Alathea Denslow Clymer
Feb. 19, 1936 – May 16, 2022
After wrestling with Alzheimer’s disease for over a decade, Alathea Clymer, 86, gently passed away with the full moon on Monday, May 16, 2022 at the Long Term Care facility of South Peninsula Hospital in Homer, Alaska.
Born and raised in Brooklyn, New York, Alathea was the daughter of two talented teachers who fostered her lifelong love of art, nature, music, science and swimming. Joyful childhood summers were spent at a lakeside cabin in New Jersey where she learned to swim like a fish. She became an accomplished synchronized swimmer, which explains her very precise backstroke technique to those fellow evening lap swimmers at the Homer pool. She was actively involved in Girl Scouts and went on to share her love of nature and campfire songs as a leader of several scout and mariner troops in New York and Oregon. After earning a bachelor of science from State University of New York, she moved west to Oregon and began her teaching career. She was selected to participate in the National Science Foundation teacher training institute, which led to a master of science in General Science with a minor in science education from Oregon State University. She taught school in Oregon and Alaska, ranging from elementary choir to high school biology and everything in between.
In 1962, Alathea married James Clymer, a handsome young teacher who was working at the same school as her father in New York City. That marked the beginning of many adventures for “Jim and Al” as they were affectionately known. They purchased half a homestead at Fritz Creek on their honeymoon to Alaska and returned in 1964, where they settled and raised three children. Teaching jobs in Homer were not forthcoming, so after living in Anchor Point, Ninilchik, Moose Pass and Healy, Jim and Al started Fritz Creek Studios. Together they owned and operated this small commercial print shop for about 30 years, with Alathea as the graphic artist and Jim running the presses. She transitioned over the years from setting lead type for rubber stamps and hand letterpress wedding invitations to bound community cookbooks and full four-color brochures. For several years they printed the Homer Weekly News, which featured the boat sketch masthead that she designed. She also mastered the original clip art, drawing whatever produce needed to be featured in the grocery store ads each week, plus a few seagulls here and there.

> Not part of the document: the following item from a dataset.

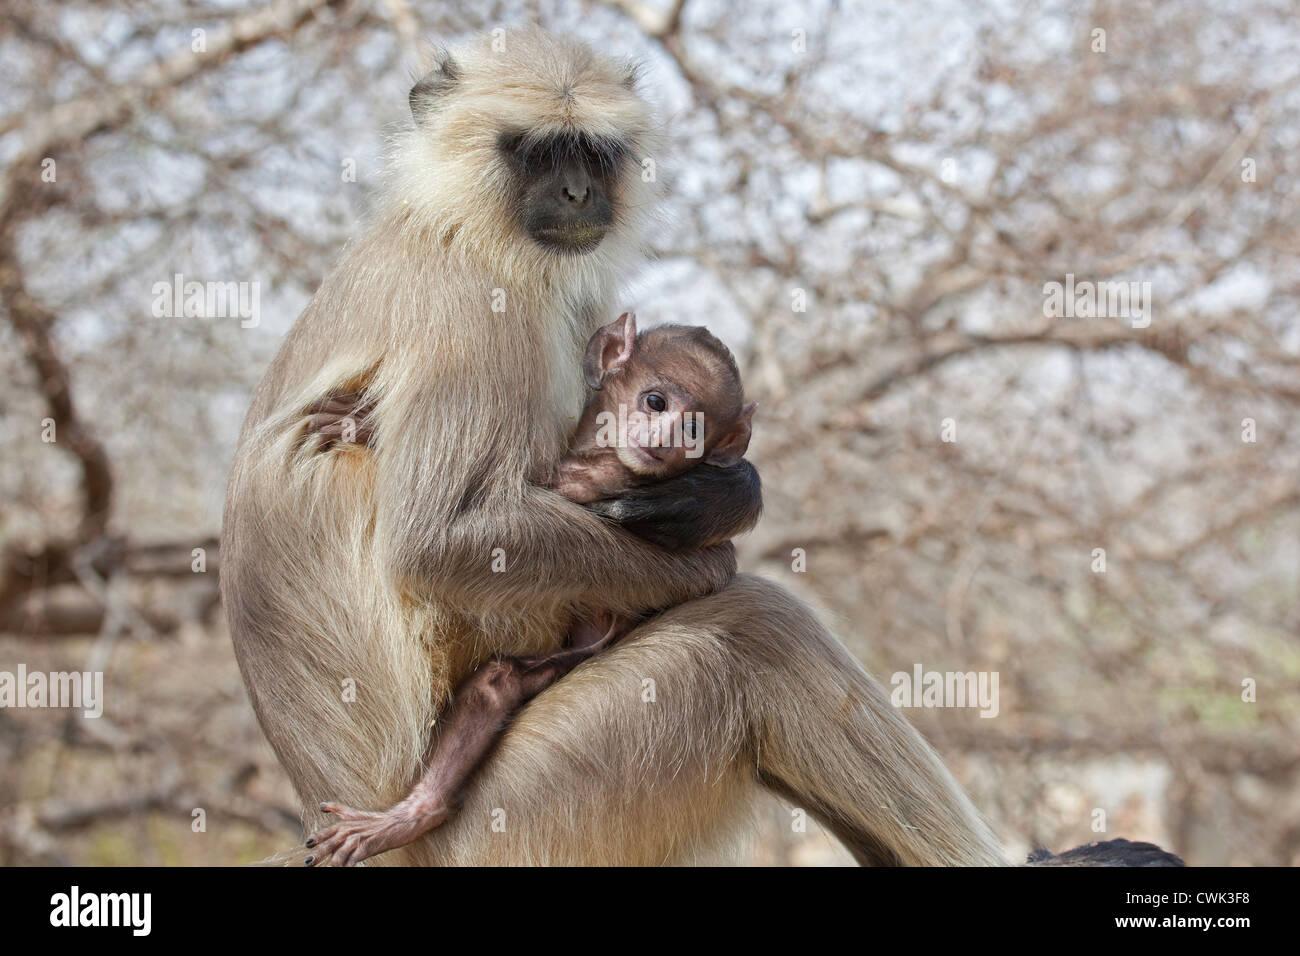 Gris / langur Hanuman langur (Semnopithecus entellus) con el bebé, el Parque nacional de Ranthambore, Sawai Imagen De Stock

In her later years, Alathea combined her botany background with her artistic creativity to design a notecard series featuring Alaska wildflowers, berries, and scenic local sketches, peddling them and her illustrated calligraphy quotes at arts and craft fairs all over the state. Her carefully documented native plant collection from the 1970s is now housed in the collections at the Pratt Museum. A self-described compulsive doodler, she was never found without a stubby pencil tucked in her tidy bun and a small notepad within reach, jotting down her thoughts, prayers, interesting quotes, field sketches, or working away at a sudoku puzzle.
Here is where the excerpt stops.